O’Connor references this mental map as a fundamental part of the grief process, but to understand this, we have to consider that attachment to our loss – whether that be a person, pet, place, job, or any other of the multitudes of things we humans can become attached to – results across three dimensions: space (proximity to you), time (changes in space), and closeness (emotional distance). Grief is the process of reorienting attachment across the space-time-closeness continuum where mental maps need to be reordered to accommodate the new form and state of attachment to the loss.
The hippocampus, the part of the brain largely responsible for memories, activates the “coordination” system of the brain (otherwise known as the entorhinal cortex) which expects something to be there through “place cells”, and when it is not found “trace cells” activate, causing incredible discomfort, confusion, and disorientation. In other words, grief is a disorienting event for the brain that tries to predict events based on memories of the attachment and how close we were to the attachment, causing a painful discrepancy between what was and what now is.

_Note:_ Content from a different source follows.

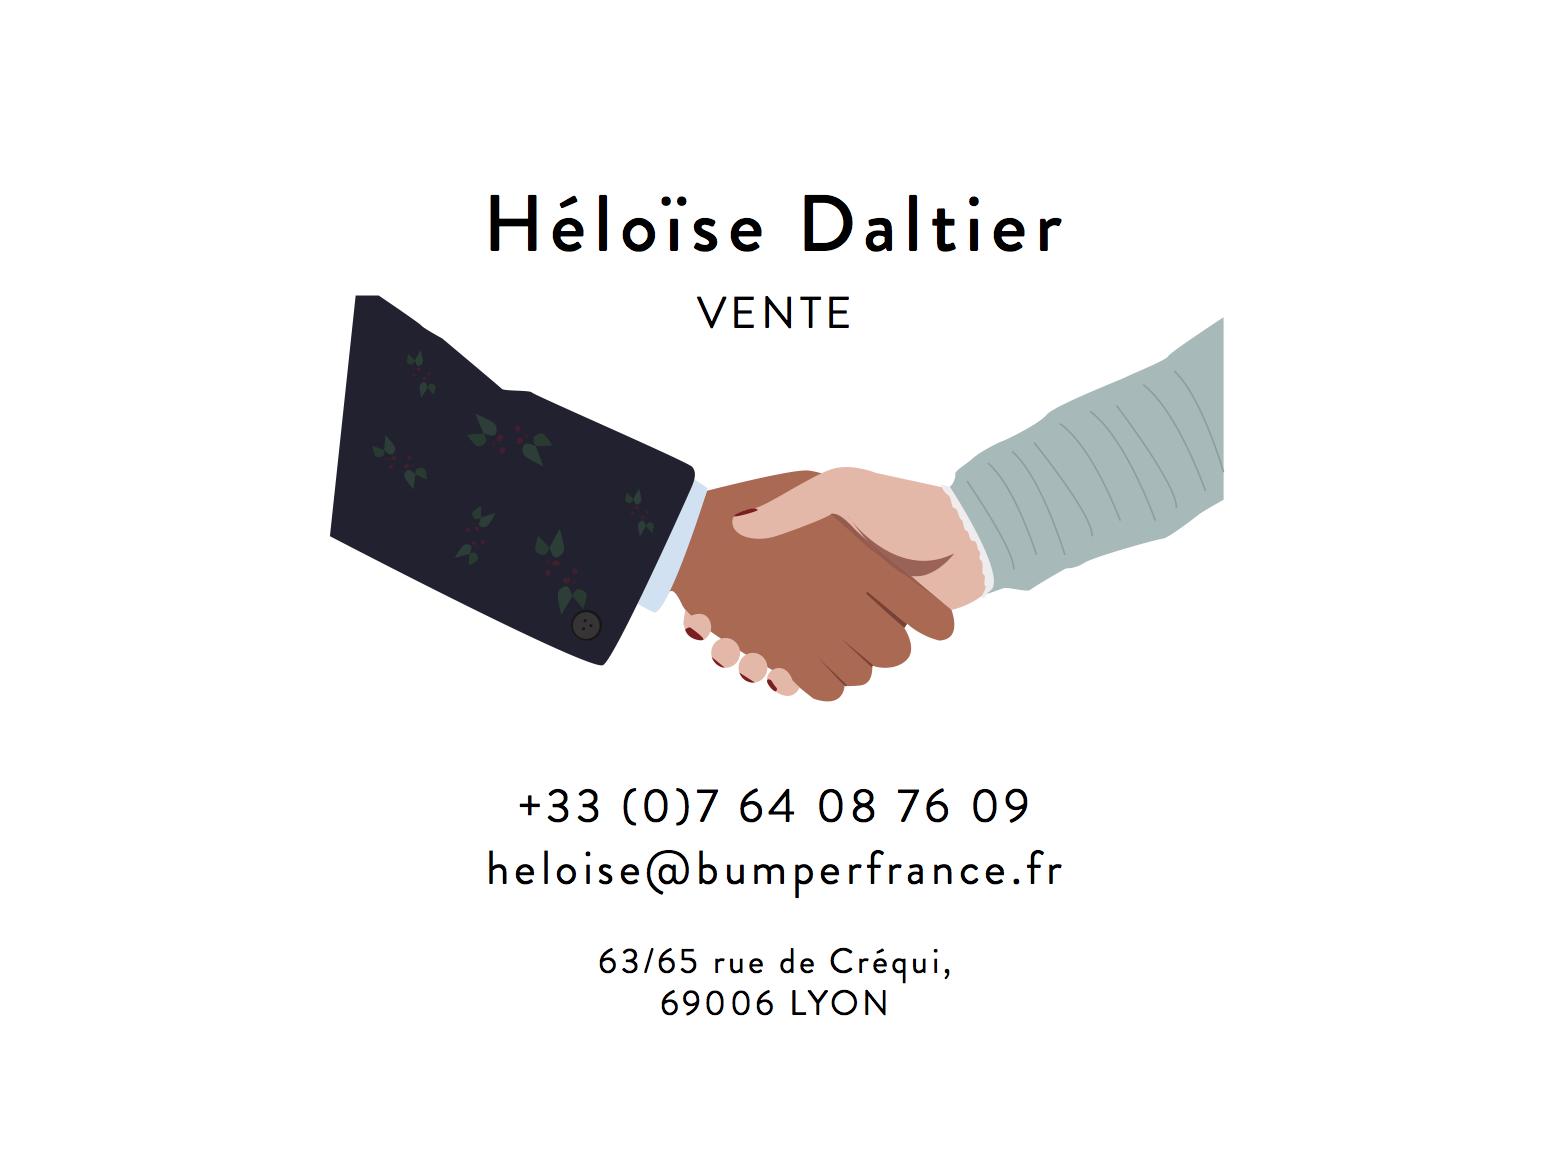 HELOISE-bumper-immobilier-achat-vente-investissment-appartement-location-homestaging-decoration-stylisme-interieur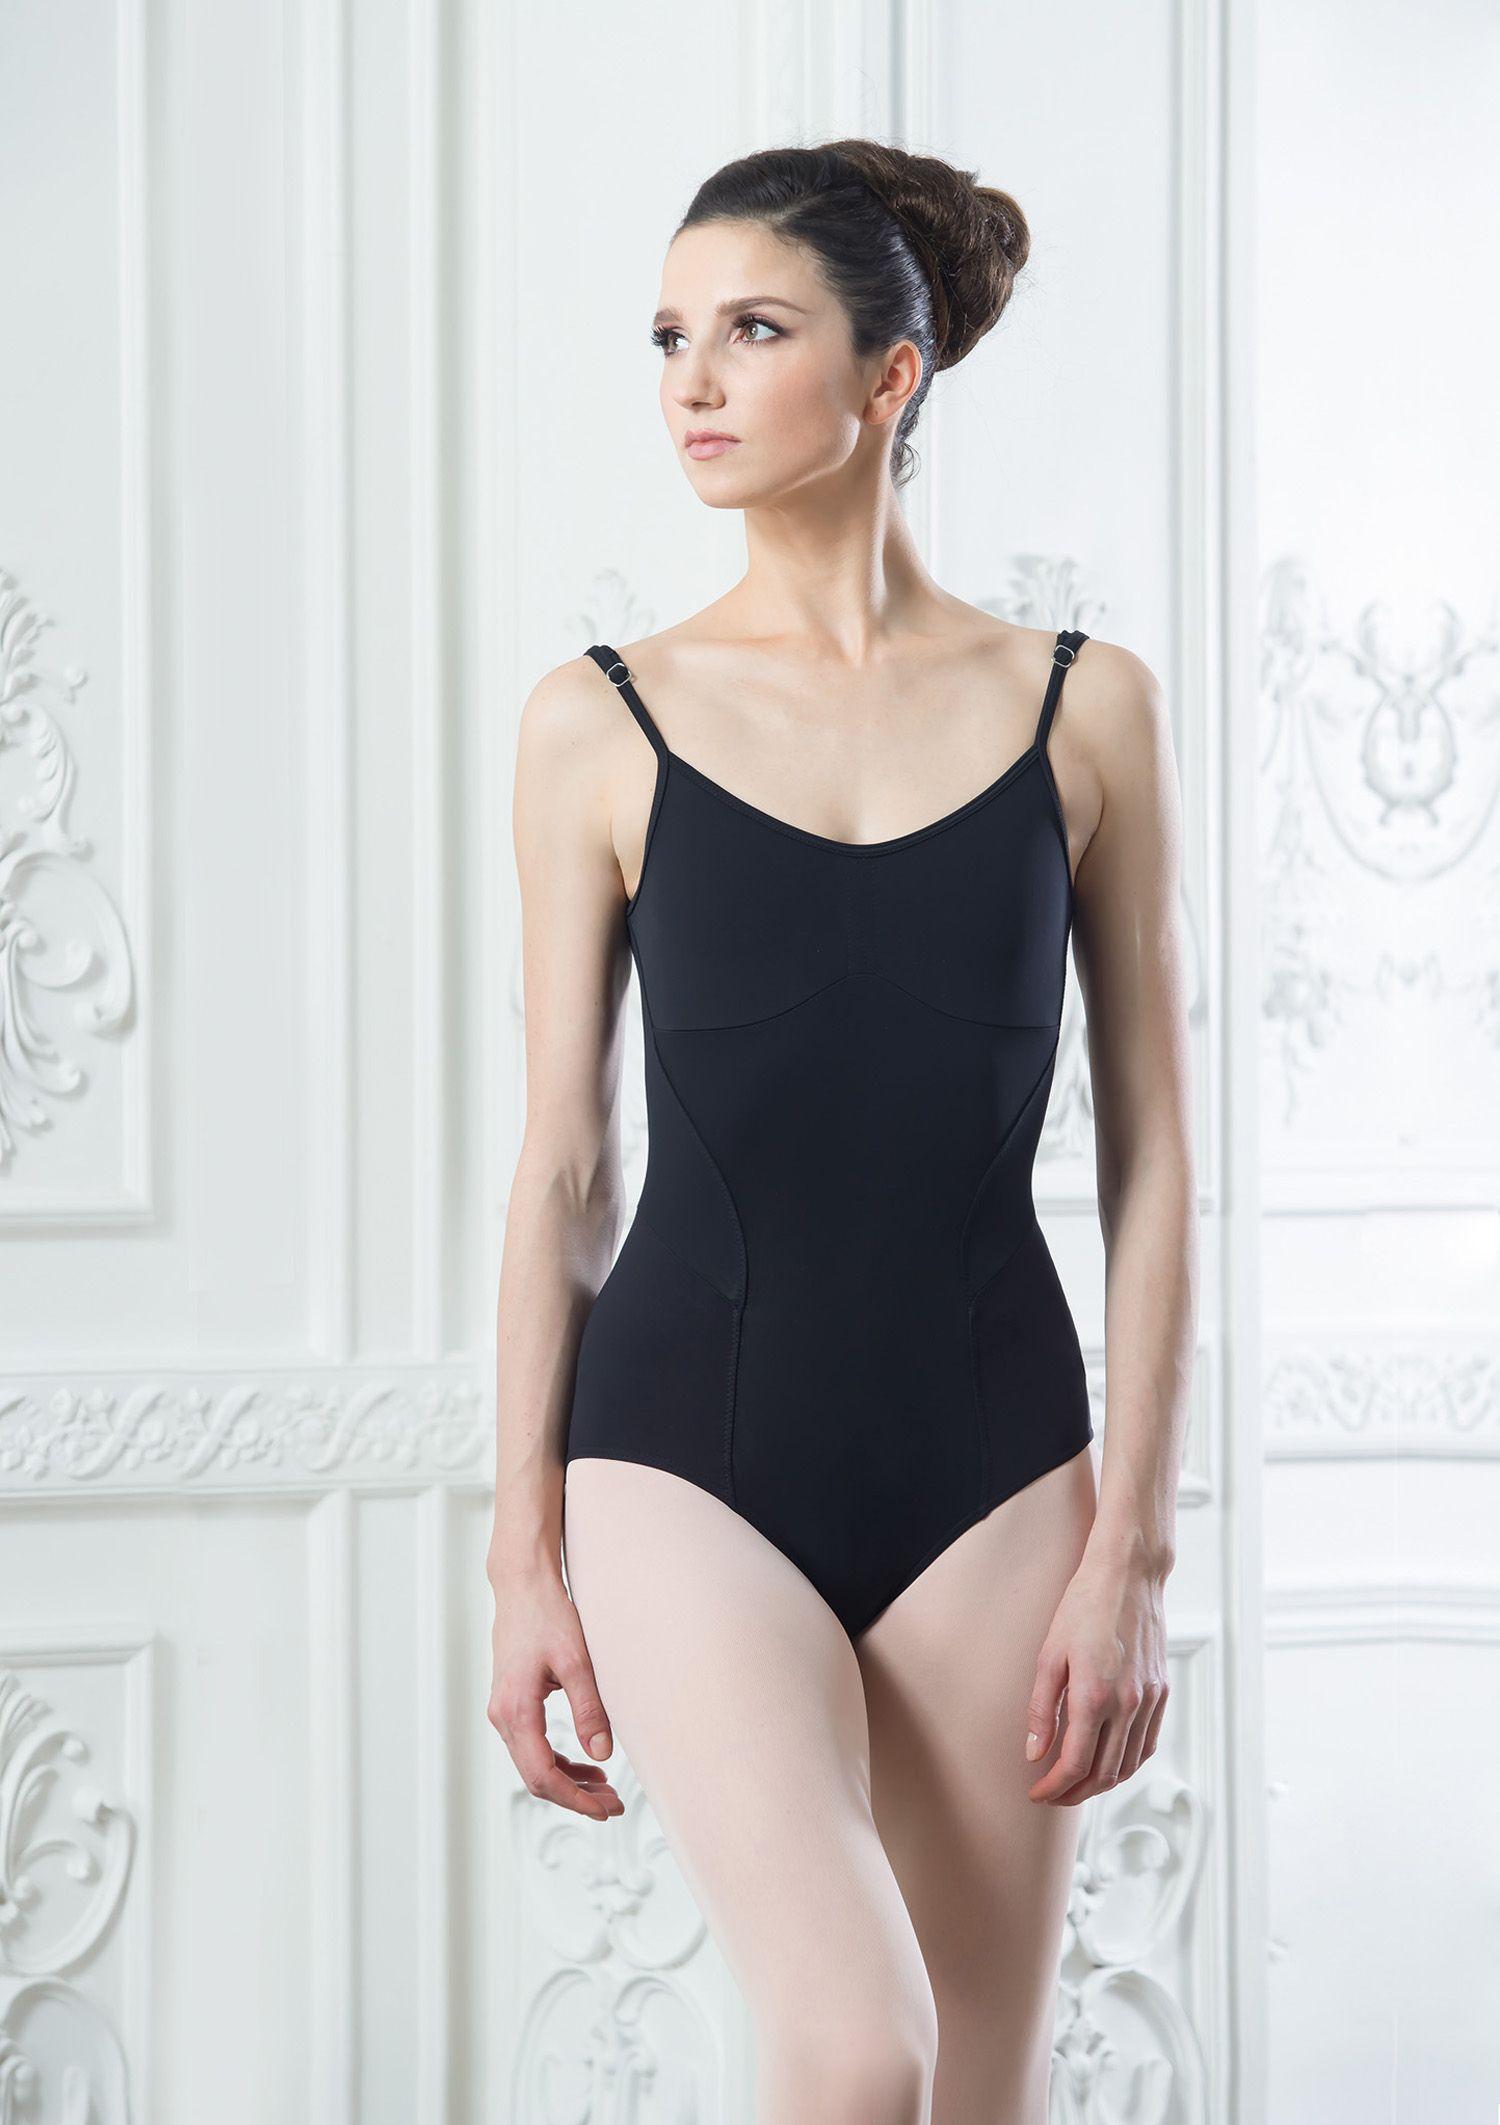 Lace bodysuit high neck  Smart leotard with removable pushup cups  ballet  Pinterest  Dancing

So how can we work with the grieving brain and to shift mental maps to new topographies of love for our loss?
O’Connor suggests a dedicated time period to feel the loss deeply while creating a new representation of the loss to remap the brain’s relationship to it in the present. This can vary according to personal beliefs and interests but can be broadly defined as a “grief ritual”. In this context, a grief ritual refers to structured and specific actions that are distinct from the rest of the day that can help to make the grief tangible and contained. Grief rituals can be imaginative, bodily, communal, or symbolic, but regardless of what it may look like, they are meant to be expressive of the grief experienced and connective to the loss. This can help the brain consolidate memories and release expectations that what once was won’t happen again, yet simultaneously creates new memories and comfort of how to relate to the loss in the present, ultimately easing the grieving process without detaching from the love we feel.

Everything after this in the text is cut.